Sebastian Clavijo Suero
Sebastian Clavijo Suero

Posted on • Updated on • Originally published at Medium

What do the number φ (Phi), a cheese pizza pie, and a Cypress fixture have in common?

It sounds like the beginning of a joke, but it’s no joke! If you’re not convinced, just ask Keanu.


ACT 1: EXPOSITION

A lot has been written about the all-mighty constant Phi (φ = 1.6180339887…), also known as the Golden Ratio or the Divine Proportion! It’s the mystic number that represents perfect beauty and keeps showing up everywhere in the known universe.

What about cheese pizza? The cheesi-est, umami-est, and yummi-est of all pizzas in the known universe (if you don’t believe it, just ask any kid).

Disclaimer: I will not delve into the well-known discord over whether that would be a New York cheese pizza or a Chicago cheese pizza; that’s a topic for another day and a different blog.

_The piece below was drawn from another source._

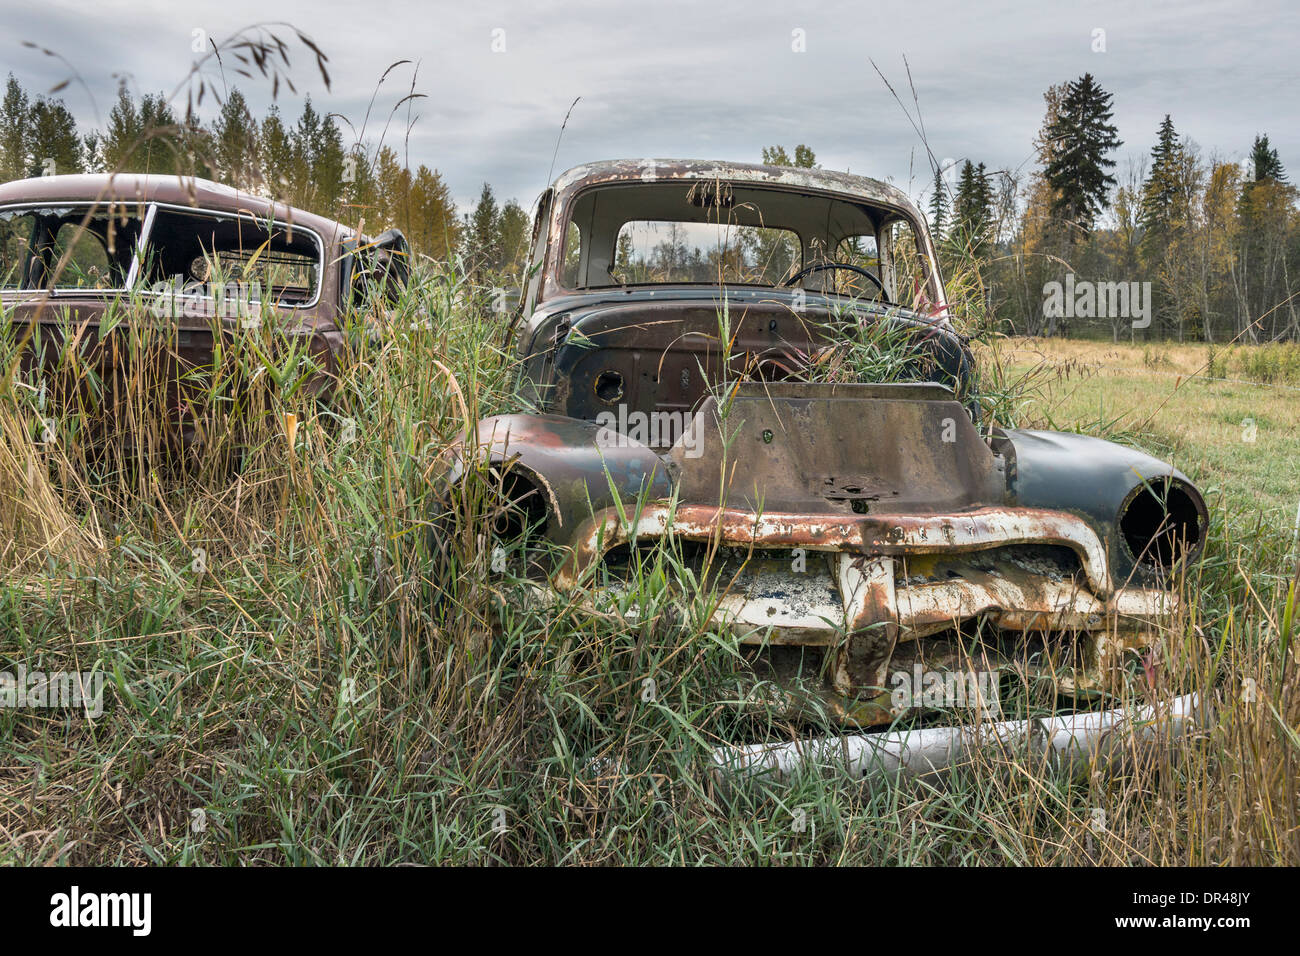 Abandoned old Chevy truck and car on a farm near Likely, Cariboo-Chilcotin region, British Columbia Stock Photo

But do not forget the third pal of these ‘tres amigos’: the Cypress fixture, which stores our most precious test data for our most valuable automation test scripts, also in the whole known universe.

 

What if we tamper with our divine Phi by changing just one of its digits? For example, if we change the first decimal from 6 to 3, the result is 1.3180339887… We’ve just diminished its luster. It is no longer golden neither divine, and has become a mere mundane decimal number like any other.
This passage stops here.